We know that the banks’ “independent” external auditors had a hard time establishing both fair values and the “extent of losses on bank inventories of hard-to-value products and commitments.” We know this because their clients did not tell us about the extent of the losses until it was too late. There were no “going concern” warnings for any of the financial institutions that went bankrupt, were taken over, or were nationalized via bailout.
We also know that the auditors did a poor and inconsistent job of establishing fair values and forcing disclosure of the “extent of losses” on banks’ investments because their regulator, the PCAOB, told us so.
Inspection teams also observed instances where firms’ procedures to test the fair values of financial instruments, including derivative instruments, loans, and securities, were inadequate. In these instances, deficiencies included (a) the failure to gain an understanding of the methods and assumptions used to develop the fair value measurements of financial instruments that were illiquid or difficult to price, (b) the reliance on issuer-supplied pricing information without obtaining corroboration of that information, and (c) the reliance on confirmation responses from third parties or counterparties that included disclaimers as to their accuracy and appropriateness for use in the preparation of financial statements.
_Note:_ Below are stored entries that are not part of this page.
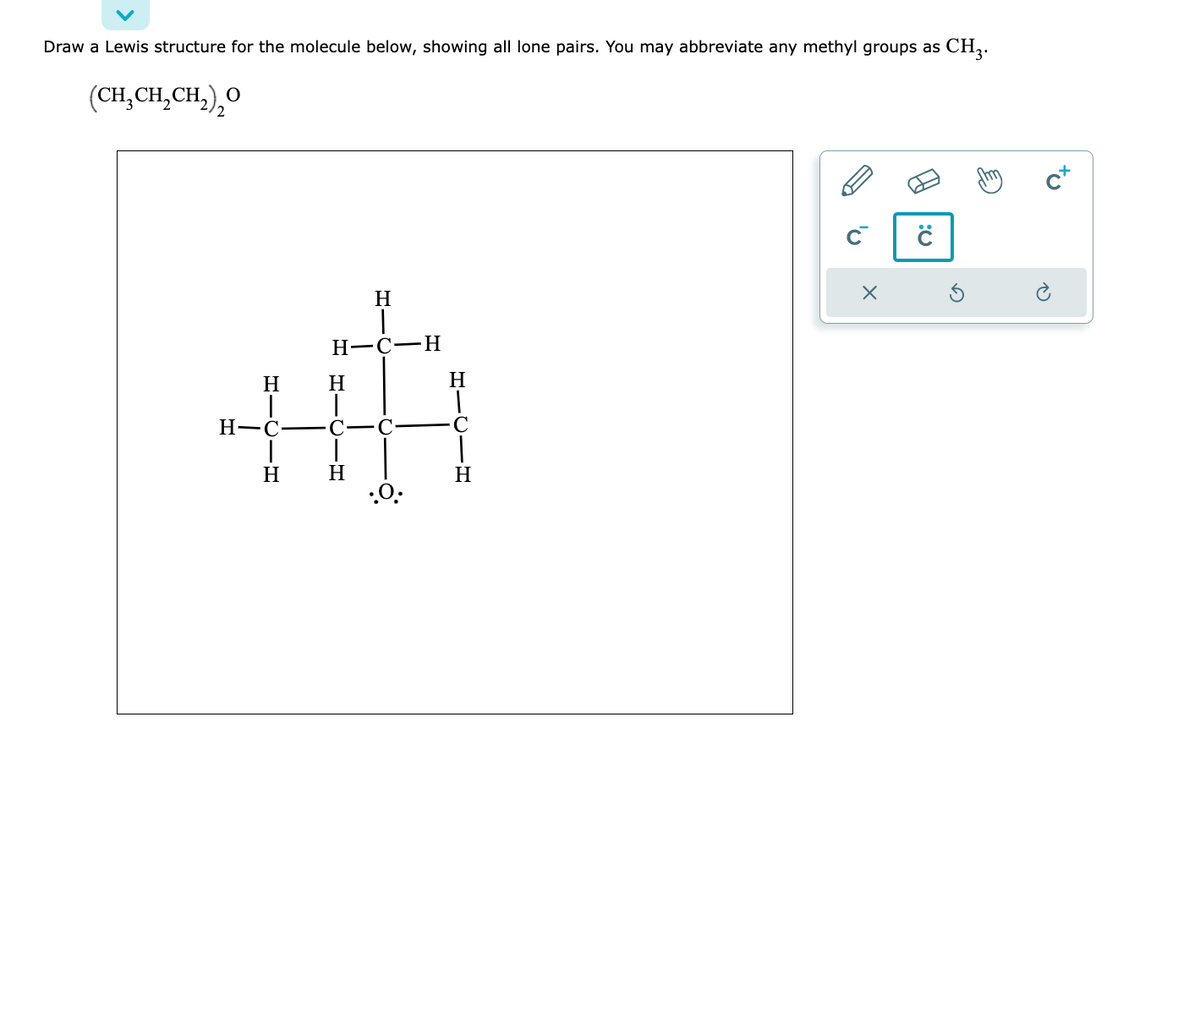 Draw a Lewis structure for the molecule below, showing all lone pairs. You may abbreviate any methyl groups as CH₂.
(CH₂CH₂CH₂)₂20
H
H-C-
-H
H
H
T
H-C-H
HICIH
Η
C-C
-Ω
H
.O.
H
C
H
X
Q:

How do the auditors, one step removed and ten steps behind, determine fair values of complex instruments especially in illiquid markets if even the super-bankers couldn’t get it right? This question supposes that it’s the auditors’ obligation to determine the values and that the bankers didn’t get it right.
Neither is true.
What are the auditors’ obligations with regard to clients’ fair value measurements and disclosures? Auditors do not establish fair values. Instead, their role is to, “test management’s fair value measurements and disclosures.” But that obligation is broader than just taking the word of the “masters of the universe.”
The auditor should consider using the work of a specialist if the auditor does not have the necessary skill and knowledge to plan and perform audit procedures related to fair value. Observable market prices may exist to assist in testing fair values. Where they do not and other valuation methods are used, the auditor’s substantive tests of fair value may involve (a) testing the significant assumptions, the valuation model, and the underlying data, (b) developing an independent estimate of fair value for corroborative purposes or, where applicable, (c) reviewing events or transactions occurring after the period covered by the financial statements and before the date of the auditor’s report.
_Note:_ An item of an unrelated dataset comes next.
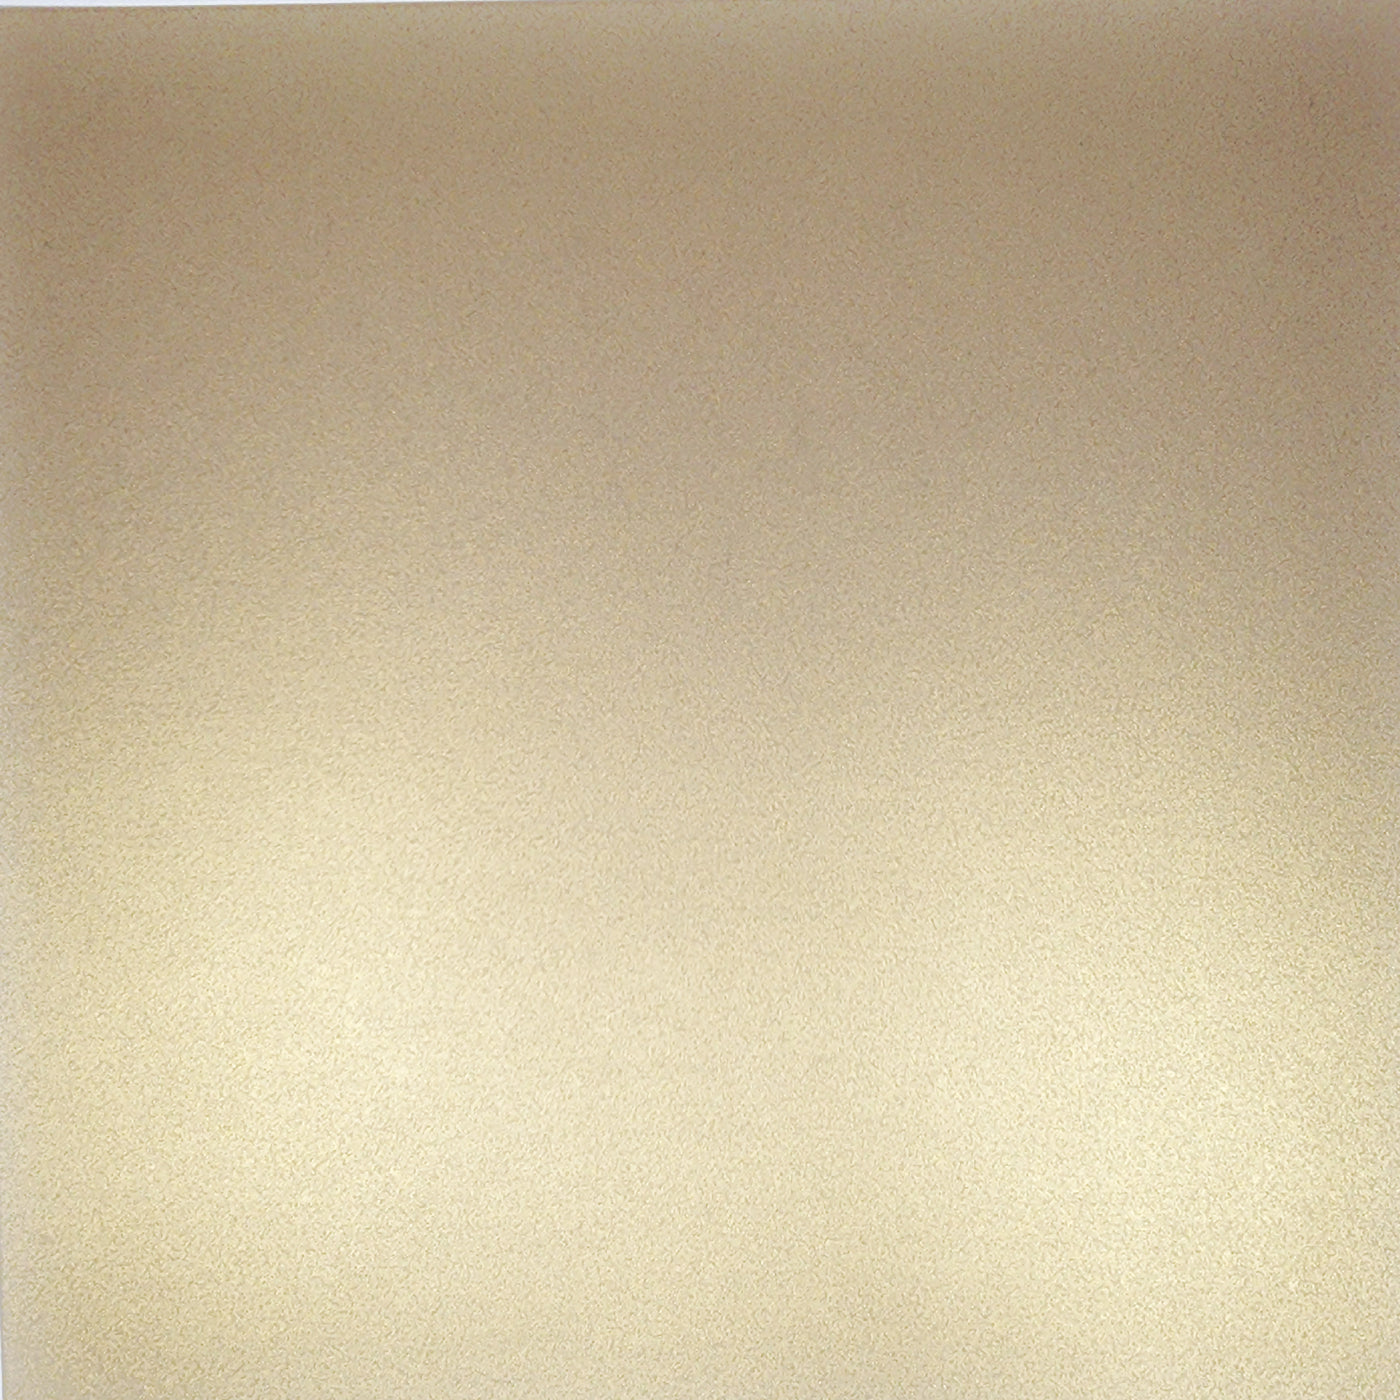 GOLD - 12x12 Pearlescent Cardstock - Sirio Pearl

I say it’s outrageous to see ongoing material “disputes” regarding the fair value of complex derivatives between counterparties, especially if they are clients of the same auditor. Critics have suggested that I condone breaches of client confidentiality. Without betraying client confidentiality, they ask, how can distinct audit teams compare the values assigned to either side of same transaction?
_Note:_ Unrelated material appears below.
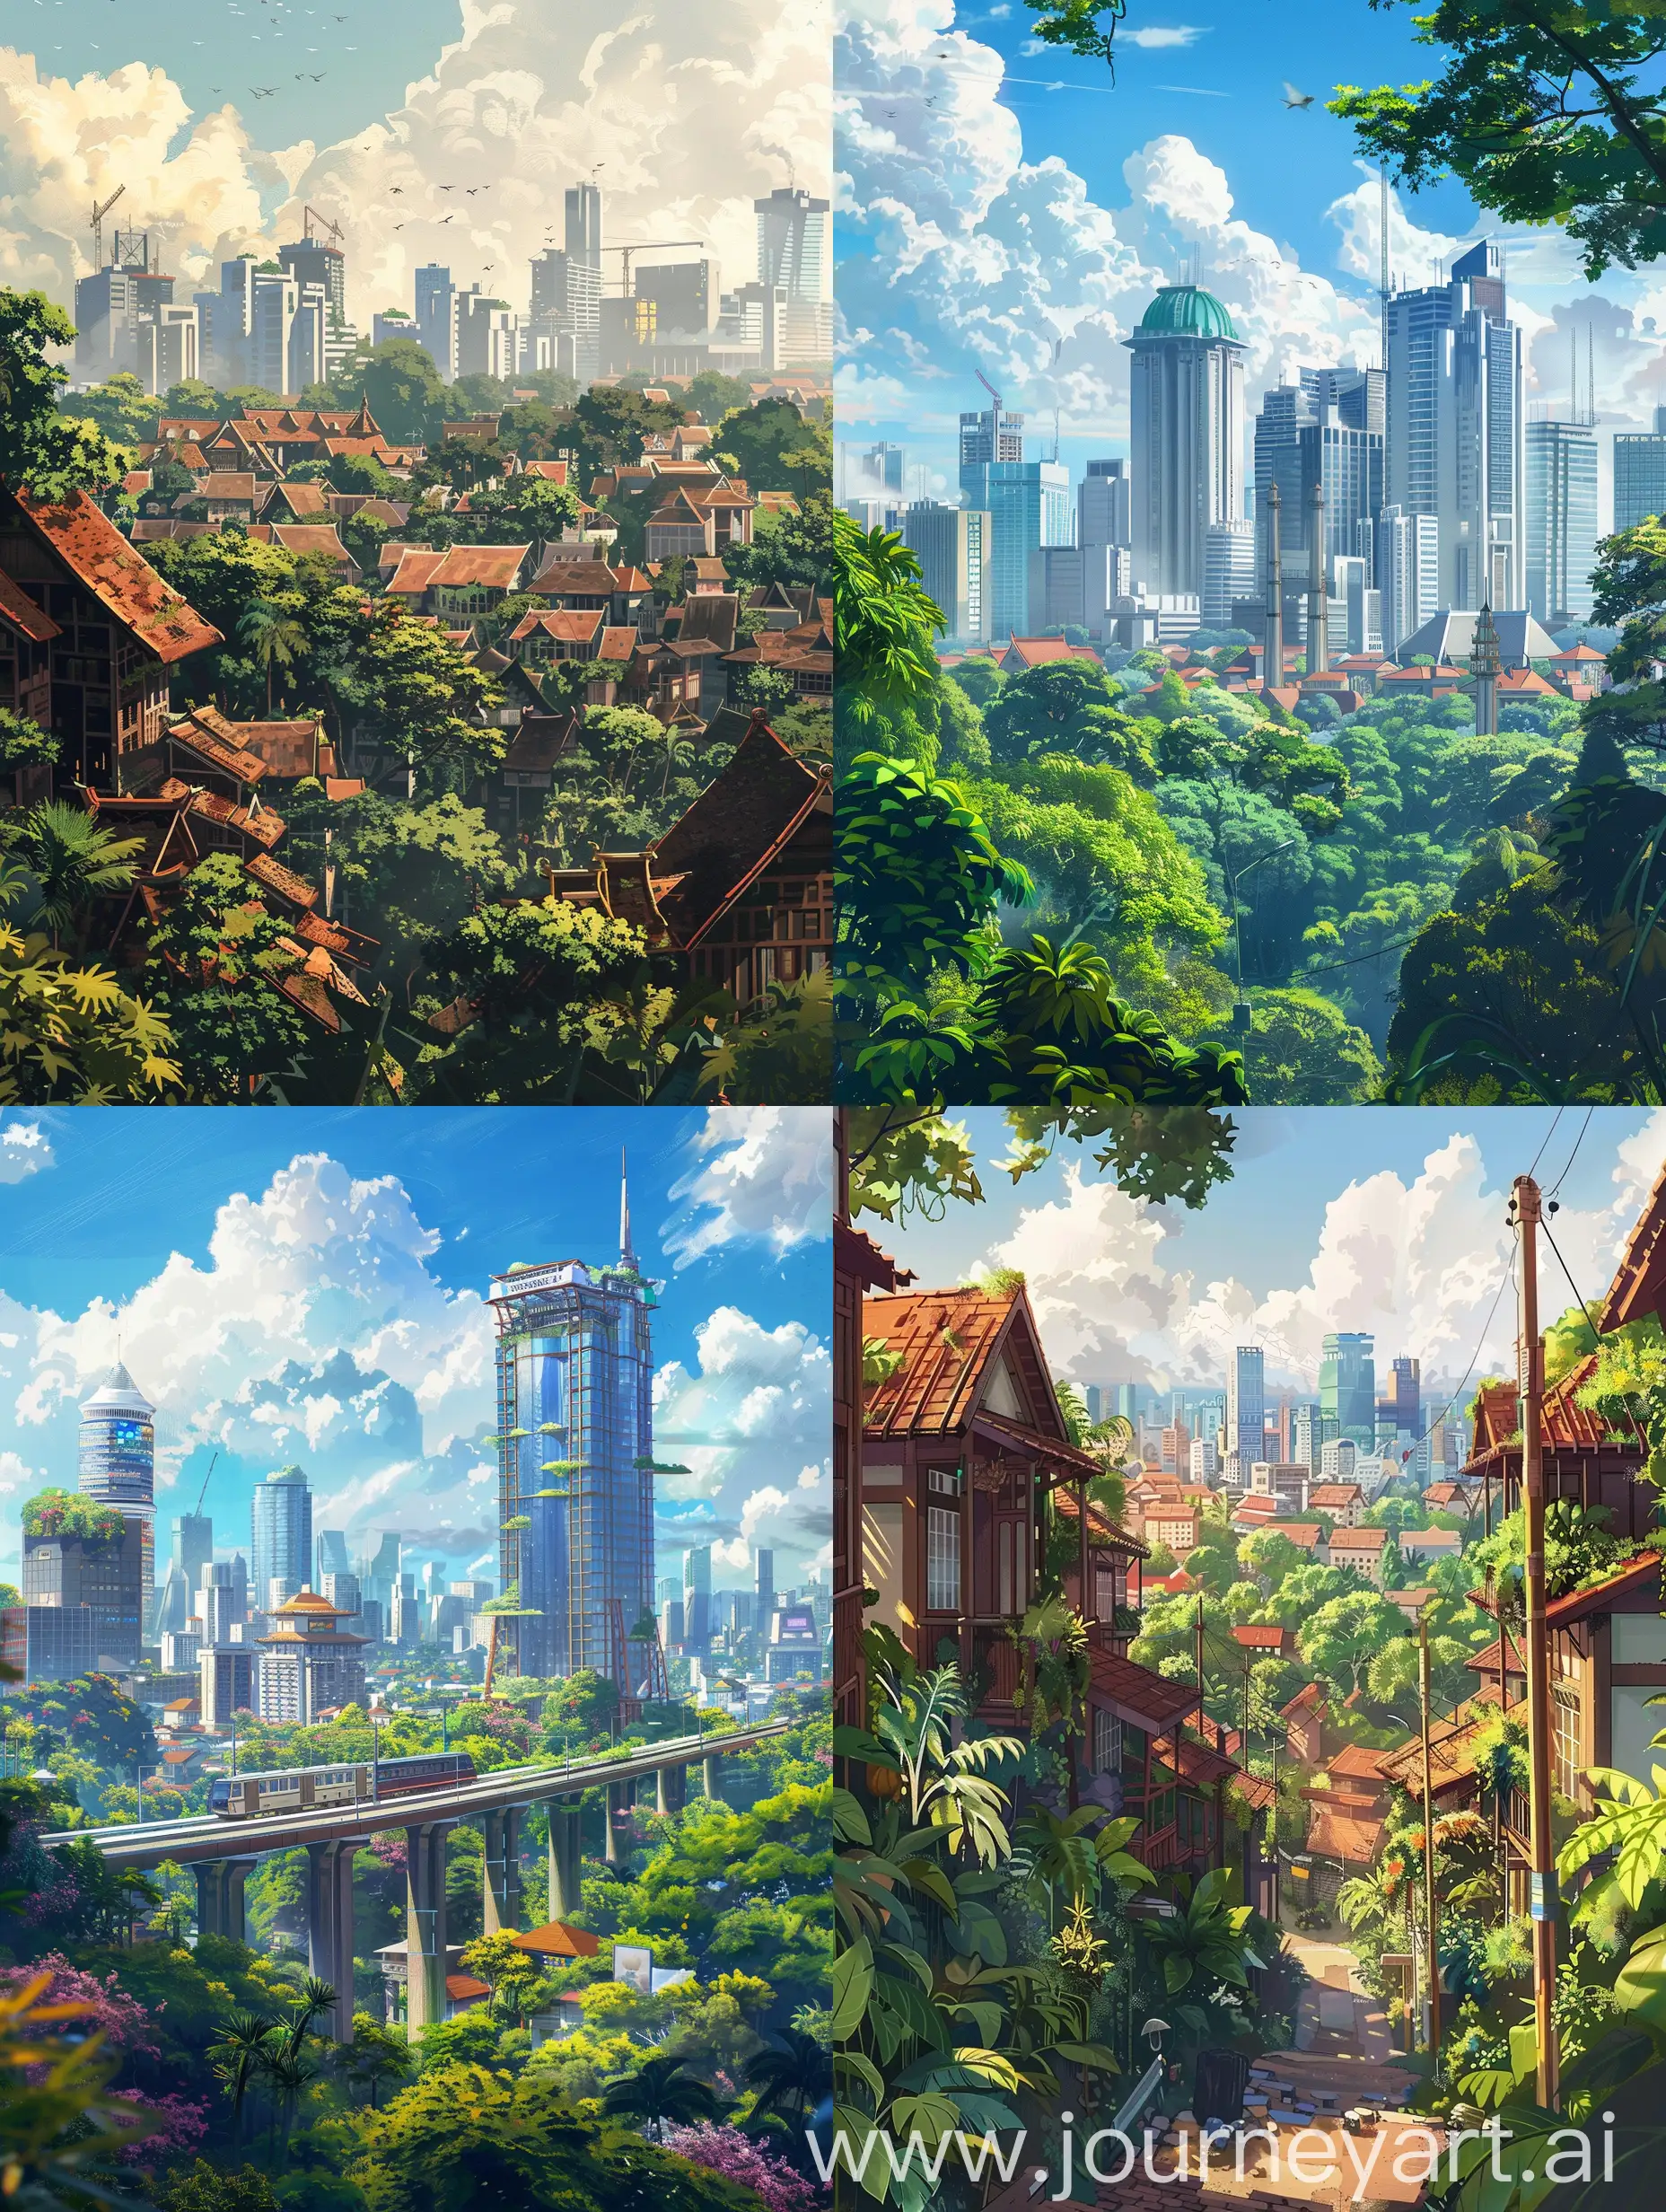 A picture of a Jakarta city indonesia inspired by Studio Ghibli Art Style

One of my commenters explained it:
Just how many PhD’s with CDS valuation expertise do you think PwC has lying around in New York? The valuation of these instruments and the testing of the assumptions would have been sent to a centralized derivative valuation group to review and test. Such a team would have had a fairly standard set of guidelines and testing approach regardless of the team sending it. After validating the inputs, they would have likely put it through their own sausage machine / valuation tool and compared the results. I think there would be a high probability that the same analysts would have been reviewing the same instrument for both GS and AIG. And when they notice that GS is using market derived inputs for the referenced MBS while AIG is using the historical average default rates and ignoring the market you would have hoped they might speak up. And when the partner (finally) heard the rumblings of a problem, even after it has been filtered through the manager / senior manager “make-it-go-away” screen, he would have asked “who else deals with this cr_p in the firm? GS… ah, [insert name of old white guy here] is an old buddy of mine, I’ll just give him a call and ask him what they do…”
When one excuses the auditors for not getting fair value right, there’s a follow-on argument that claims no one got it right. No one could possibly get it right. That’s why the crisis occurred. That’s what the scoundrels that benefited most from the crisis would like you to believe.
Reality is the opposite.
Much has been written about how well Goldman Sachs made out as a result of the crisis. But there are others. Some are getting prosecuted like Bank of America’s Ken Lewis for hiding losses to further their interest in millions of bonus dollars. That’s why some are starting to use the word “fraud” when speaking of Lehman’s collapse.
On February 11th, Bloomberg’s Jonathan Weil asked why no one is prosecuting Lehman Brothers executives for fraud:
It is so widely accepted that Lehman Brothers Holdings Inc.’s balance sheet was bogus that even former Treasury Secretary Hank Paulson can say it in his new memoir. And still, the government hasn’t found anyone who did anything wrong at the failed investment bank…In his new book, “On the Brink,” Paulson doesn’t point fingers at specific Lehman executives for violating any rules. He displays amazing candor, though, in describing how Lehman’s asset values were a gross distortion of the truth. It doesn’t take much imagination to figure out they didn’t get that way all by themselves.”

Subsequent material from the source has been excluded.